Beim Komponieren von Stilleben im "Studio" und dann am PC angeschlossen ist es eine feine Sache im dobbelten Sinne: das Bild auf dem PC ist wenn nicht sogar 100% in jedem Fall aber grösser als das Sucherbild und man kann das Licht bzw. die Komposition minimal verändern, während man das Ergebnis auf dem Bildschirm mitverfolgen kann.

Was mir allerdings immer noch fehlt, sind Autofokussensoren, die angeordnet sind im Goldenen Schnitt. Aber dafür jetzt eine neue Kamera kaufen (wenn sie das hätte) würde ich auch nicht. 

Ich habe meine alte EOS 5 und jetzt die 40D. So kann ich den Teleeffekt bei der digitalen und den Weitwinkeleffekt bei der analogen Kamera ausnutzen.

Was wirklich schade ist, das ich das Sigma APO 300 Makro und das Sigma 24 mm nicht auf der Digitalen nutzen kann. (Die Blende wird nicht geschaltet)

Aber ob Nikon, oder Canon, oder was auch immer: es kommt immer noch auf die Person an, die die Bilder macht. Ein guter Fotograf schafft es eben das meiste aus seiner Ausrüstung raus zu holen, statt sich auf Bilder zu versuchen wofür die Kamera nicht gedacht ist. Aber es ist klar: die Industri will uns das Geld aus der Tasche locken. Gleichzeitig stehen die Berufsfotografen unter einem erheblichen Druck immer spektakulärere Bilder zu liefern. Ich nehme aber an, dass die wenigsten von uns, sich in solchen Sphären bewegen, wo wir für eine Ausstellung arbeiten mit Bildern, die 1 m2 gross sind und wo der Besucher dann auf einem halben Meter rangeht.

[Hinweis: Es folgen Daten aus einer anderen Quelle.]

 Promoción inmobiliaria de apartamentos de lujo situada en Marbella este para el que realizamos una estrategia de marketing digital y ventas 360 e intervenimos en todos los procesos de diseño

In dem Falle muss man eben auf Grossformat setzen  

Vielleicht die grösste Schwäche der Digitalfotografie: sie verführt zum schnellen Fotografieren. Das heisst, dass die Gefahr zum Knipsen immer grösser wird. "Zu Hause suche ich eben die schönste Bilder raus". Klar: Tiere in Bewegung, oder Kinder beim Spielen sind Themen wo Serien grosse Vorteile bietet. Aber ansonsten geht die Gesamtqualität eher zurück, wenn man sich nicht die Zeit nimmt das Licht und/oder die Komposition in Ruhe zu beurteilen.

MfG

Ron


----------



## firehunter (17. Sep. 2008)

*AW: Canon EOS 50D - ab Oktober*

Was soll "ISO-Geschwindigkeit" sein??? ISO bezeichnet in diesem Zusammenhang die Lichtempfindlichkeit!

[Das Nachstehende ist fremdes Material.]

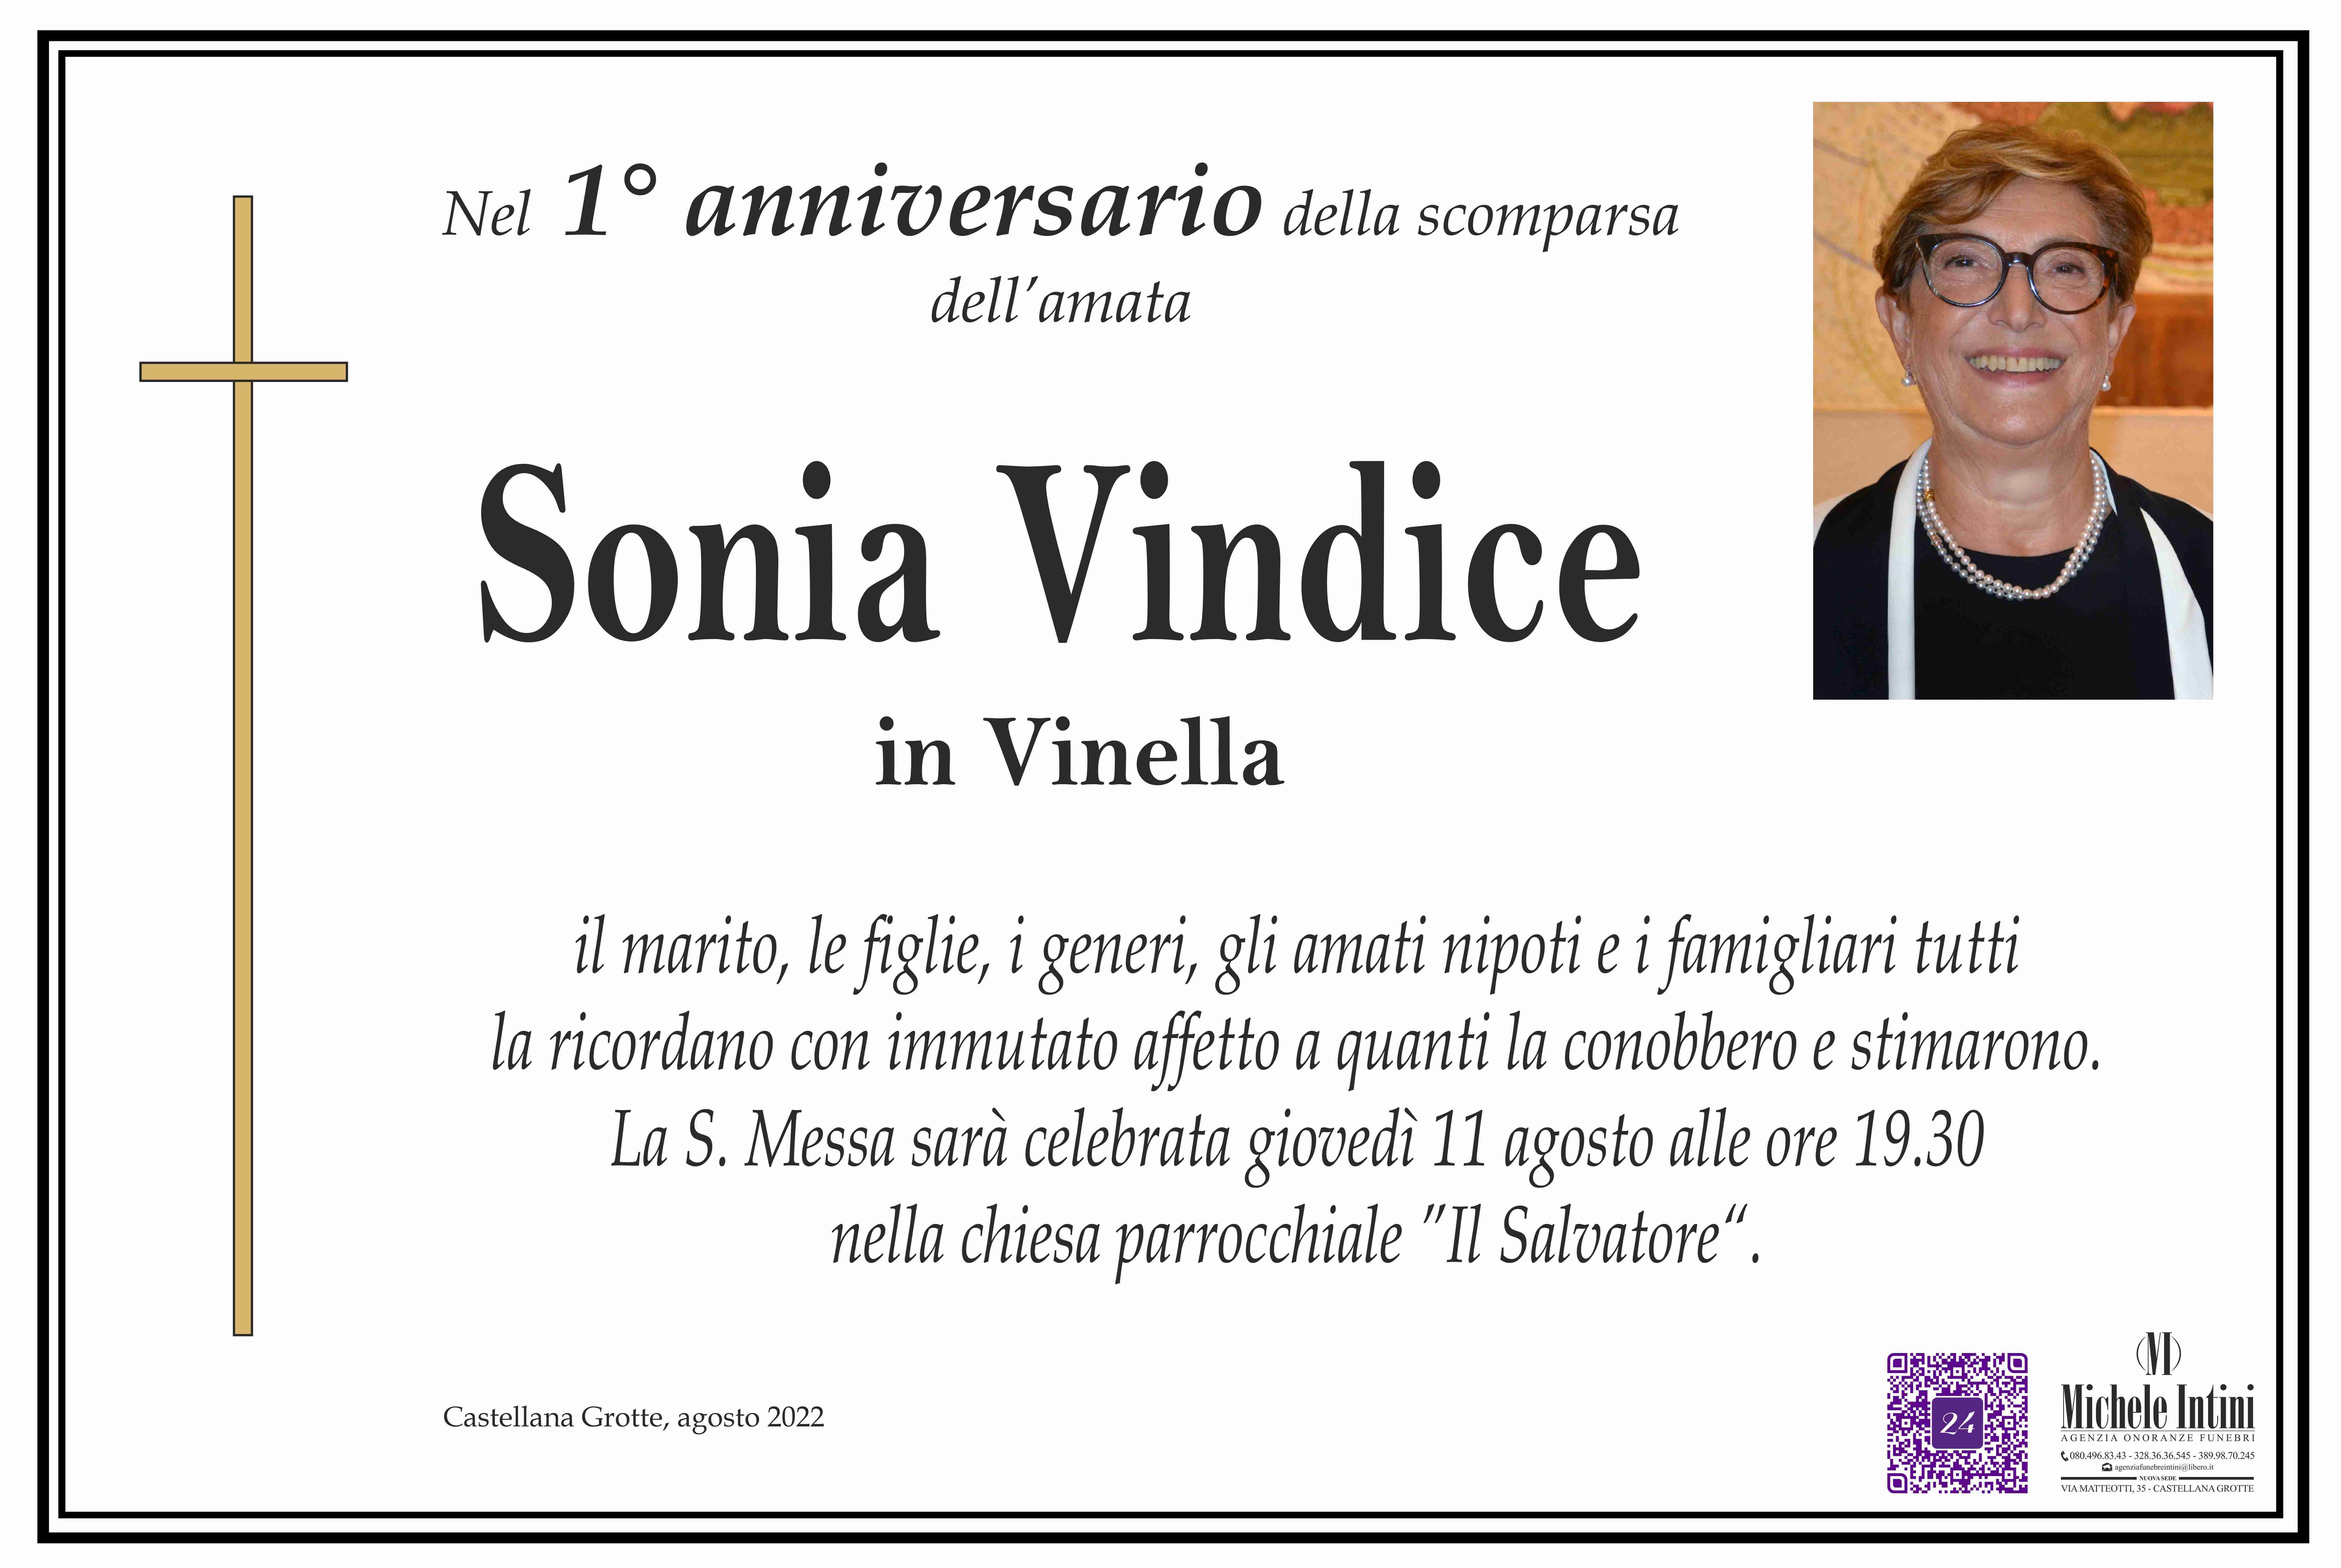 Sonia Vindice

Man kann zwar bei hohen ISO-Werten mit kürzere Belichtungszeit noch Fotos machen, aber der Begriff ist schlicht Unsinn.
Daher ist es für diese Fälle, wie ron schon richtig geschrieben hat, schon sinnvoll.


----------



## Digicat (17. Sep. 2008)

*AW: Canon EOS 50D - ab Oktober*

Also die Pixelmania is ein Horror :crazy 

Aber die Möglichkeit die Iso hochzufahren finde ich gelungen.

Bei meiner Sony Alpha 700 gehts rauf bis 6400  

Hier ein Beispiel vom letzten Urlaub in Assisi (in Kirchen darf nicht geblitzt werden)
 
Iso 3200

Um noch einmal auf EOS 50D zurück zu kommen.

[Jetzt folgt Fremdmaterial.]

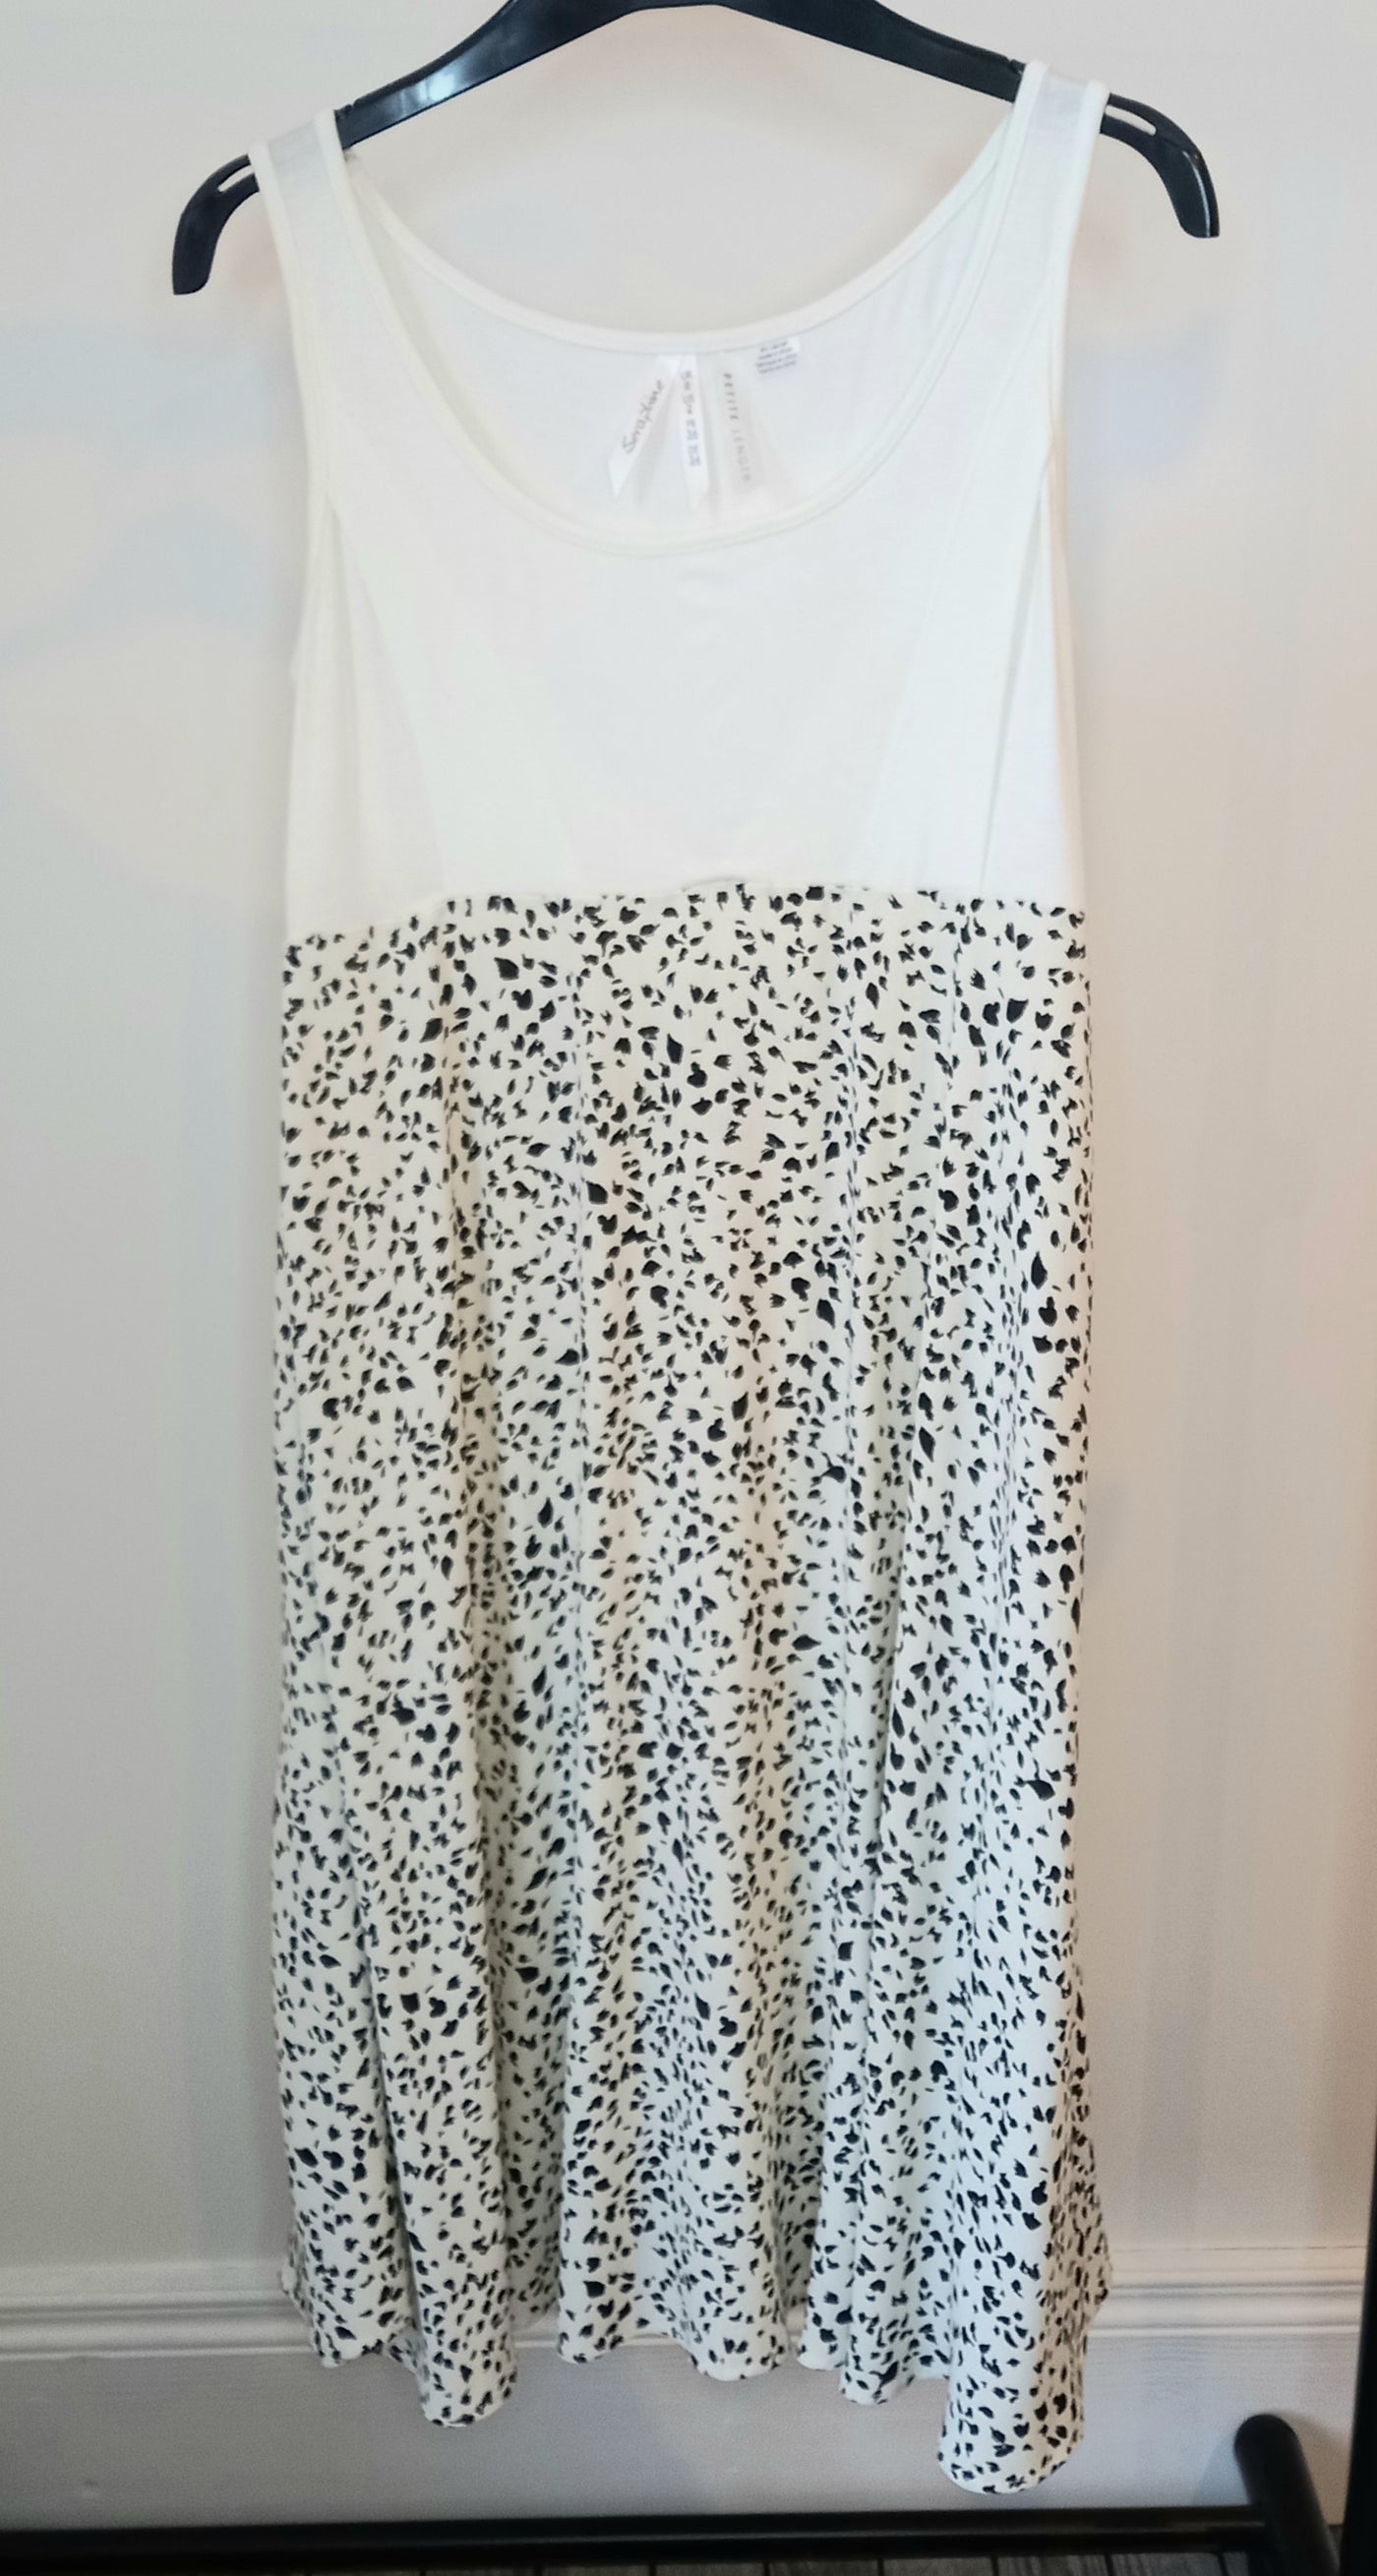 Seraphine Cream & Black Speckled Nursing Dress - Size 6

Kenn jetzt nicht die genauen Daten, aber nur wegen Video und LV würde ich nicht wechseln. Vorallem wenn 

der Akku
der BG
auch erneuert werden muß :crazy 

OK, die MP`s sind schon von Vorteil, beim Croppen, aber nur dann wenn das Rauschverhalten auch passt.


----------



## Conny (17. Sep. 2008)

*AW: Canon EOS 50D - ab Oktober*

Hallo,

ISO = International Standard Organisation; sonst nix!

Fotografie-Lexikon



> Der ISO-Wert, auch bekannt als ISO-Geschwindigkeit, beschreibt die Lichtempfindlichkeit von Filmen in der analogen, bzw. die Lichtempfindlichkeit der Bildsensoren, in der digitalen Fotografie. Bei niedrigen ISO-Werten, benötigt ein Film, oder der Sensor mehr Licht für eine Ausreichende Belichtung, eines Fotos, als bei hohen ISO Werten. Hohe ISO Werte können jedoch durch die höhere Lichtempfindlichkeit bei Filmen zu einer art Körnigkeit, bzw durch die Verstärkung des Bildsignals bei Sensoren zu einem Bildrauschen führen.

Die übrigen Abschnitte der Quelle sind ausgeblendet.